Interesting, I have a few thoughts. Perhaps you could sell a preconfigured pfsense box (or make a raspberry pi image to start with) that when plugged into the customers router creates a reverse tunnel via your service as well as a WiFi hotspot. Then offer the user a very simple firewall control panel and they can choose what devices to allow to the open internet and what to keep private and accessible via some sort of authenticated channel. Thus devices that contain sensitive data or require enhanced security (cameras, private network attached storage devices, home automation) and devices that require internet access (Amazon Echo) can both be served by the service.

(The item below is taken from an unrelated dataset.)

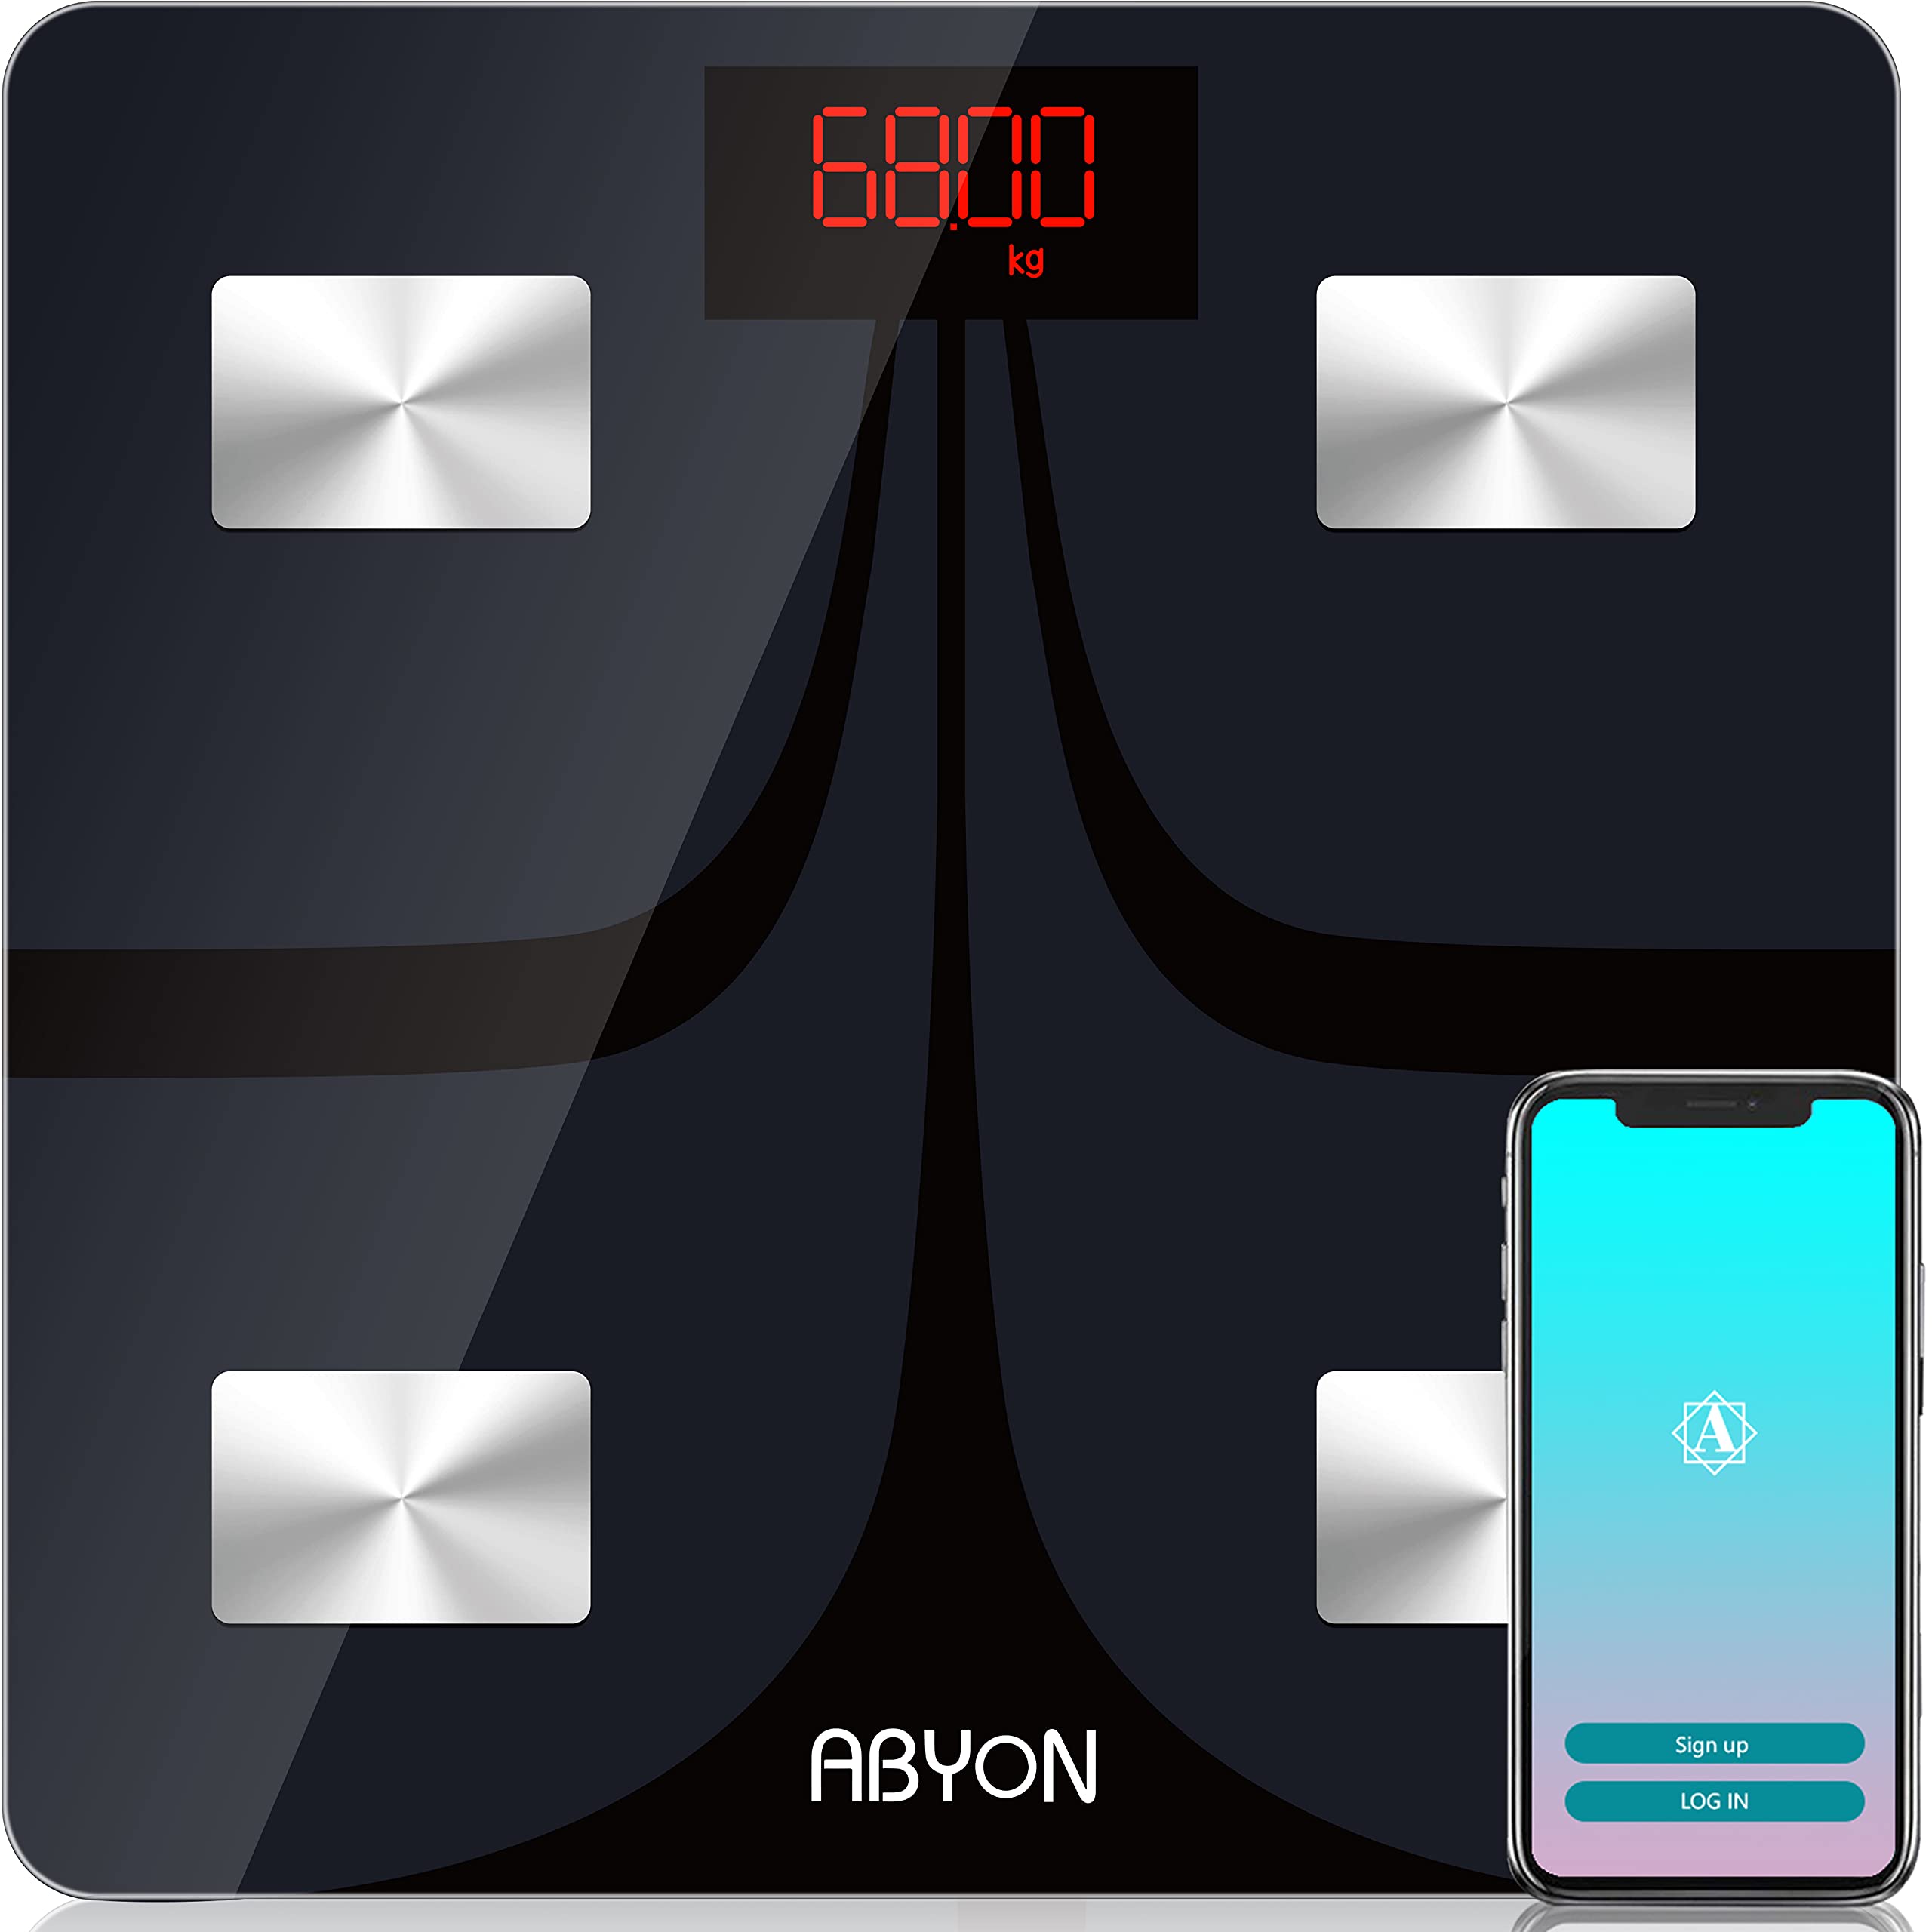 ABYON Bluetooth Smart Bathroom Scale for Body Weight Digital Body Fat Scale,Auto  Monitor Body Weight

Very nice service by the way. I have used ngrok in the past and found it invaluable for a few odd applications. I'll give it a try in future.

[NetStrikeForce]

Hi!

Thank you for the feedback and the suggestion. It is a good idea actually. I'm considering new features in the roadmap, because at the moment I don't even offer Internet access through my system, it's just a private LAN (I'm not competing with the myriad of privacy-minded browsing VPNs out there). Adding a manageable Internet Gateway could be a nice option.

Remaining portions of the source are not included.